Posted by *DHall058@aol.com* on *Sat, 9 Dec 2000 01:55:11 EST*
John,
Thank you for the history lesson, and a good springboard for future reading!  
By the way, we competed against Canadian armored units for the annual gunnery 
trophy at Lahr, and your Leopards frequently kicked our collective butts.
Dave H.
--------------------------------------------------------
NOTE:  To remove yourself from this list, send a message
to majordomo@CdnArmy.ca from the account you wish to
remove, with the line "unsubscribe army-list" in the
message body.


----------



## army (22 Sep 2002)

Posted by *"Gow" <jgow@home.com>* on *Sat, 9 Dec 2000 02:04:11 -0500*
Damn it Ian, I wrote that and LOOKED at it and said "There‘s some small
thing off here..." and sent the SOB regardless...thanks for the reminder,
Donald it is!
My point with the Mounted Rifles was that we really did not have "Cavalry",
at least as the Americans saw it, or, indeed, the Brits...we had mounted
soldiers, whose philosophy of the attack and defence would certainly be
different from "cavalry"...and no doubt leads to our slogging, if gallant,
infantry heritage through both the World Great? Wars..which again
addresses the point the questioner made...where are Canada‘s Cavalry
leaders?
I did not, and do not, claim to be any expert on cavalry.  But I did think
that Sam Steele was a good example of a competent, if not expert,
cavalryman...would/will debate that but not much else...Canada is not a
nation of cavalry history/experience...I believe Armour a derivative, some
notable, national,spirit is there, but "Death or Glory"  17th Lancers is
not QUITE what Canadians are about...or so I fondly believe...

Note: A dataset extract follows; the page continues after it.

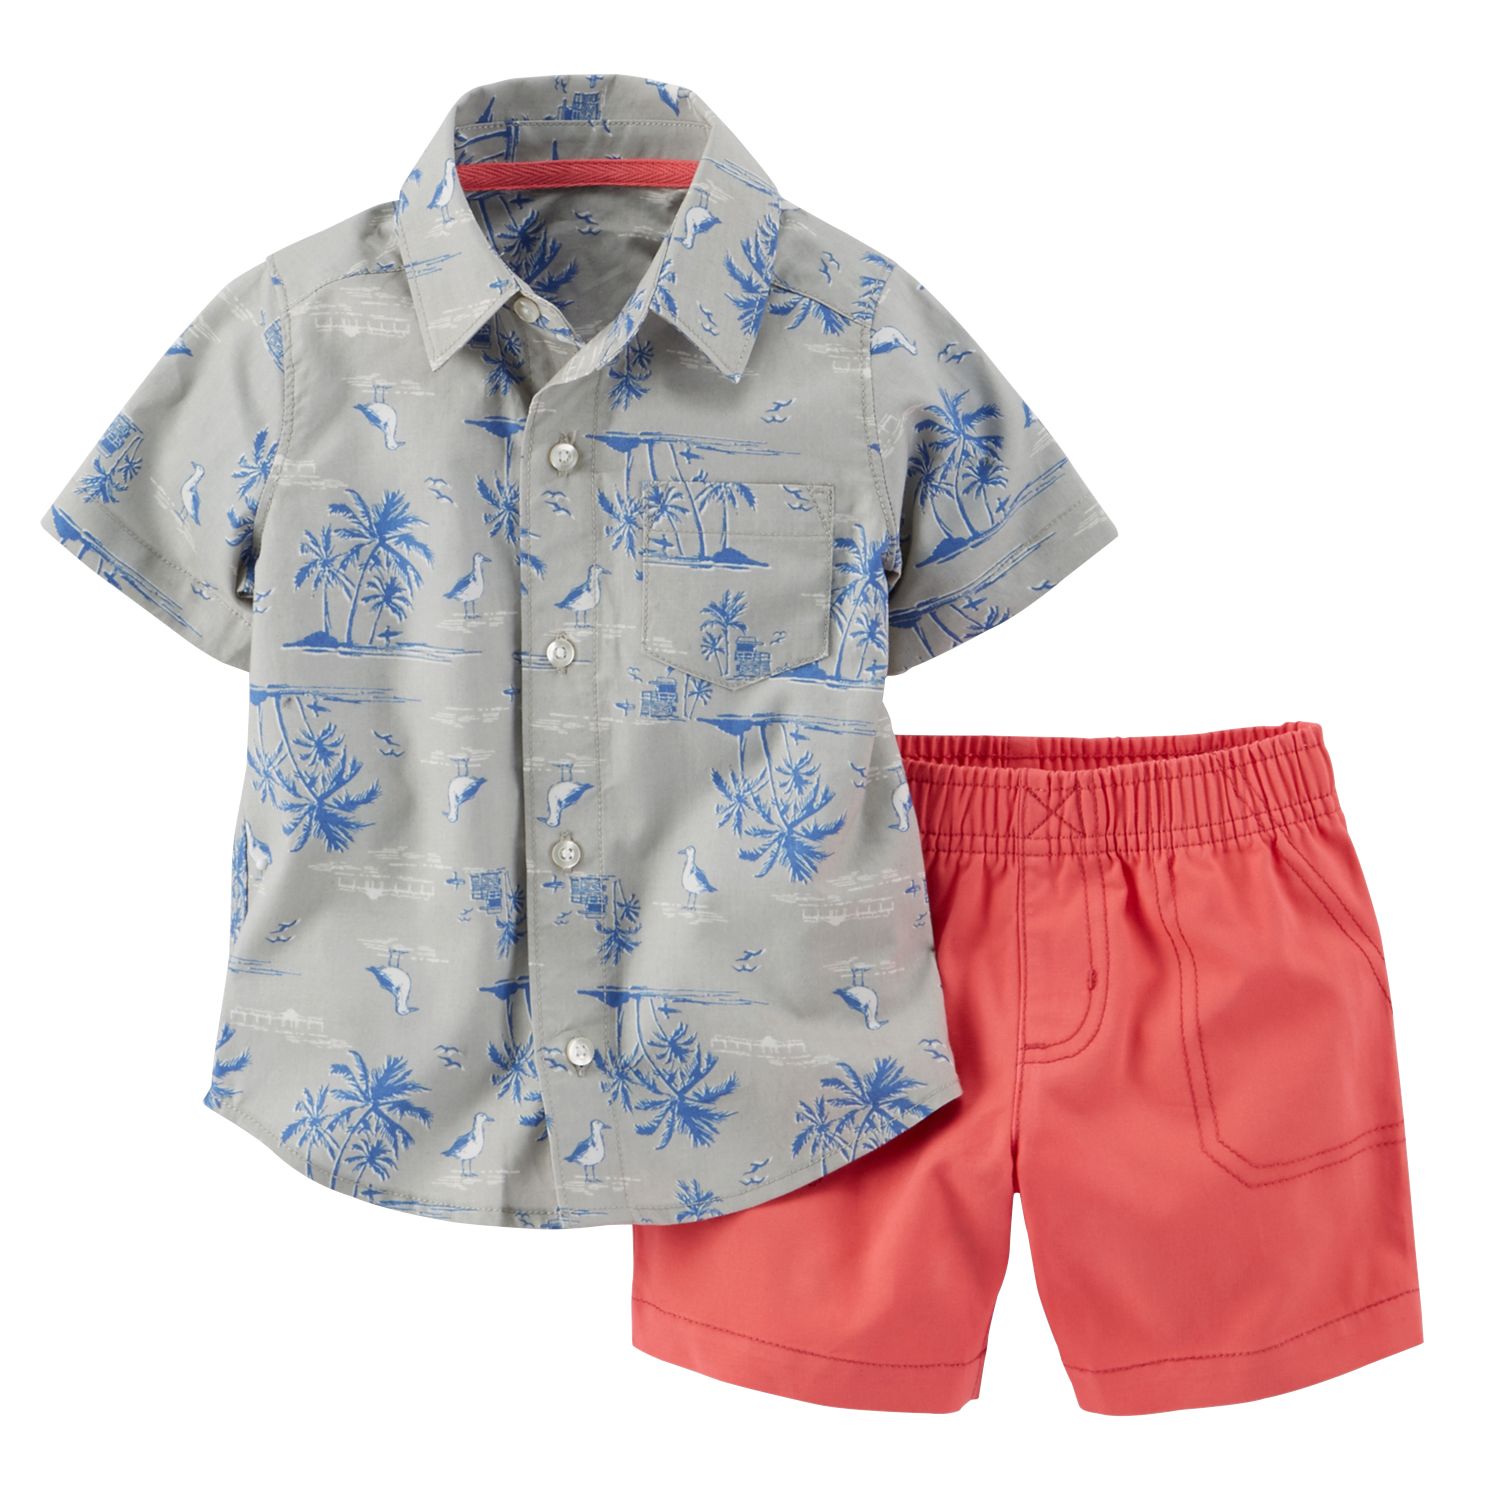 boys hawaiian outfits

In spite of Stockwell Day, just to press that button...laughs, quietly
IIRC, the 5th was out of Yorkton, but will not push the point, that was a
lot of years ago.  Will ask about it next week I‘ll be back to the frozen
plains God Bless Them! cooking and caring for my parents...

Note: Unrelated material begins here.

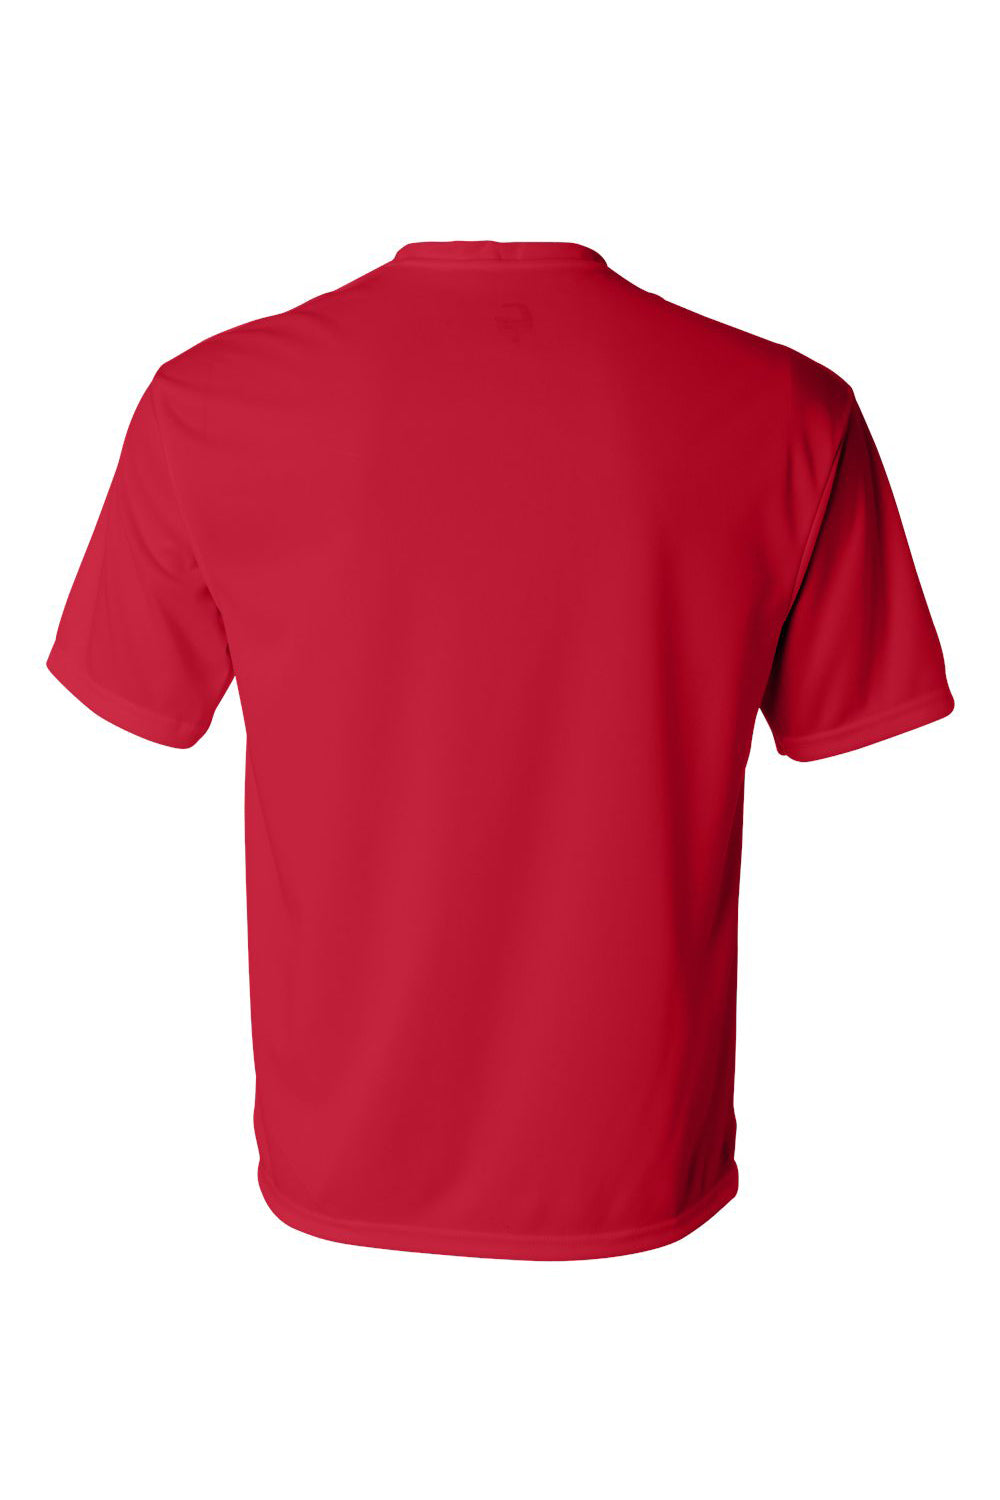 C2 Sport 5100 Mens Performance Moisture Wicking Short Sleeve Crewneck T-Shirt Red Flat Back

Now to catch you in a very minor point...in the Sharpe series, fighting out
of Spain, an infantry square is beaten in a cavalry charge led or followed
by our hero Major Sharpe...and indeed Kipling writes of how the "Fuzzies"
broke the British square without Arty..and in that series, as in the
"Flashman" series, the writer pointed out that if you nudged the lance
point aside, the trooper was defenseless...certainly, no arm of any army can
contract to a defensive position that "cannot be beaten"...though some have
tried, with varying degrees  of success, though almost all lost it in the
end, without relief...
Will now disappear from the web for a week or so...
On the road again ...
Albeit, Mike, if you are reading this, in rather nice hotels...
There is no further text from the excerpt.